In what is considered to be a global first, the Israel Innovation Authority (IIA) has announced it will establish a state-sponsored incubator for start-ups focused on medical marijuana.
The CanNegev center will be located in Yeruham, a town in the Negev desert and will admit six start-ups from the medical marijuana sector per year for the first five years of the center’s operation.
Over $40 million (NIS 140 million) are set to be invested into the incubator, according to the IIA. The center will be managed by OurCrowd, an Israeli crowd-funded investment fund, BOL Pharma, an Israeli medical marijuana com Perrigo, the world’s largest over-the-counter pharma company.

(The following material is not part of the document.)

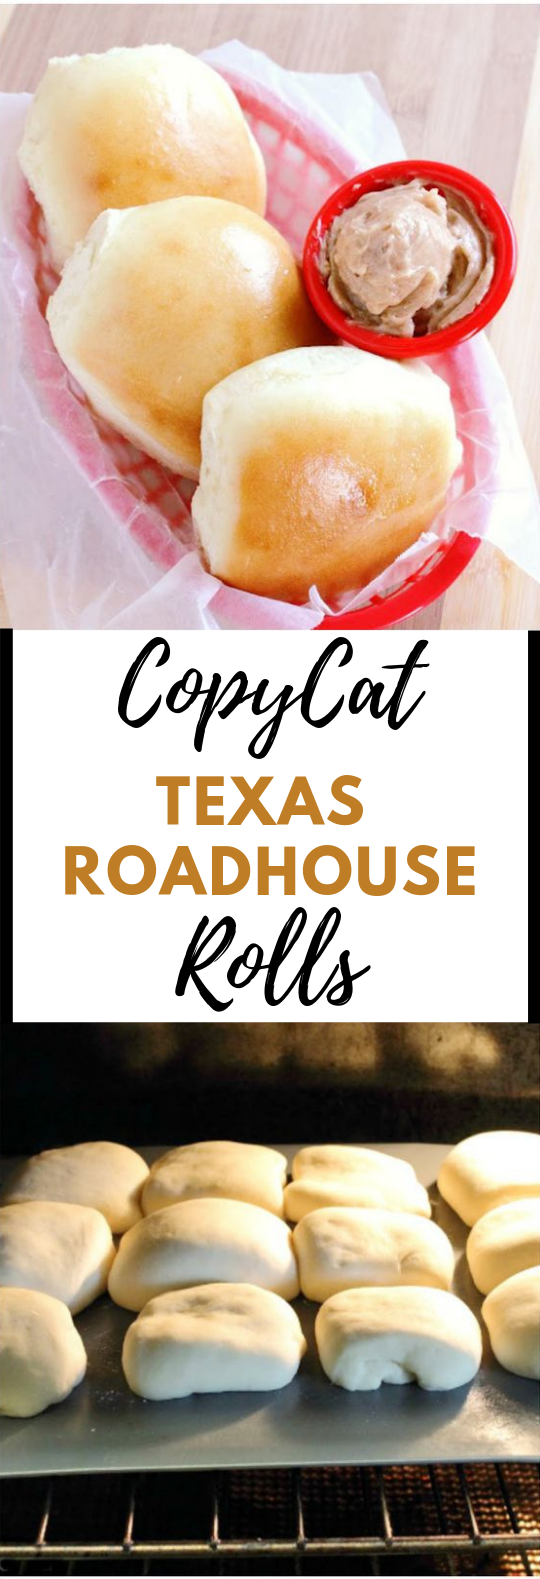 Copycat Texas Roadhouse Rolls and Cinnamon Butter Recipe #Copycat #Dinner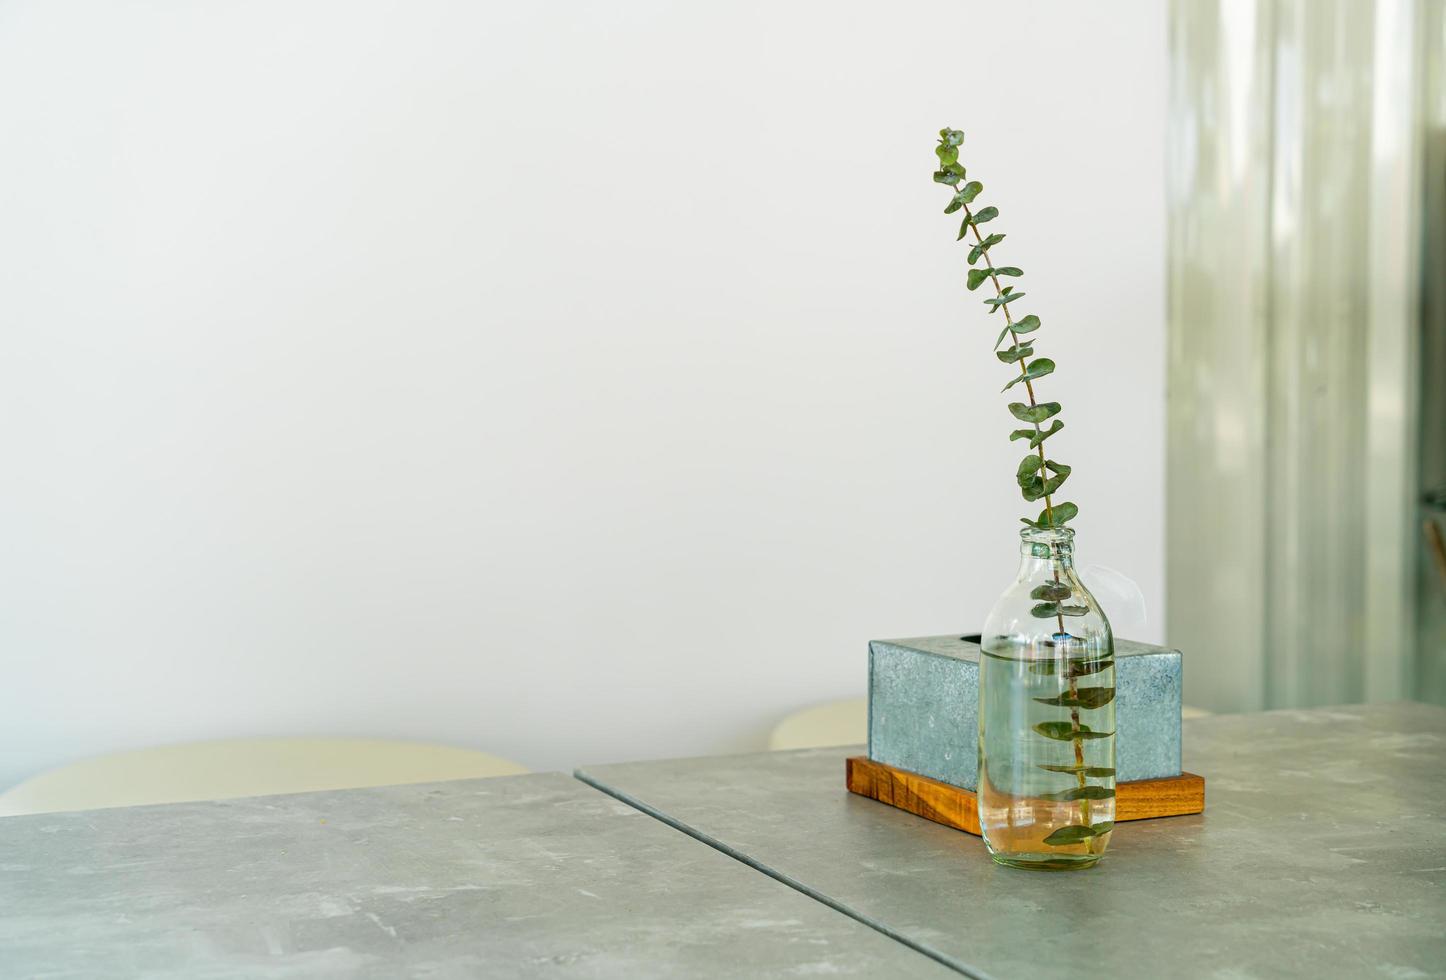 planta na decoração do vaso na mesa da sala foto

In April 2018 Israel announced it would be providing the first export licenses to farms producing marijuana for medical purposes. Some 50 Israeli farms were recipients of the licenses. That month, Israel’s first pharmacies gained permission to start providing customers with medical marijuana. Israel has steadily been revising laws governing the use of cannabis since legalizing medical cannabis products in 2016.
According to data by Israel’s Ministry of Finance, local medical cannabis exports are an estimated $1.2 billion (NIS 4 billion) industry.
The latest announcement by the IIA also shone a light on plans to open two further incubators.
The “I 4 Valley” is set to host start-ups focusing on so-called 4.0 technologies, include artificial intelligence and large-scale automatization. The center will be located in the Galilee town of Carmiel.
Idan Hanegev Industrial Park near the Bedouin town of Rahat will see the opening of an incubator focussing on agrictech, cleantech, and advanced industry.
Twelve projects throughout the country had applied to be designated an IIA incubator, with the three projects ultimately chosen for funding. They join 19 projects already funded by the IIA.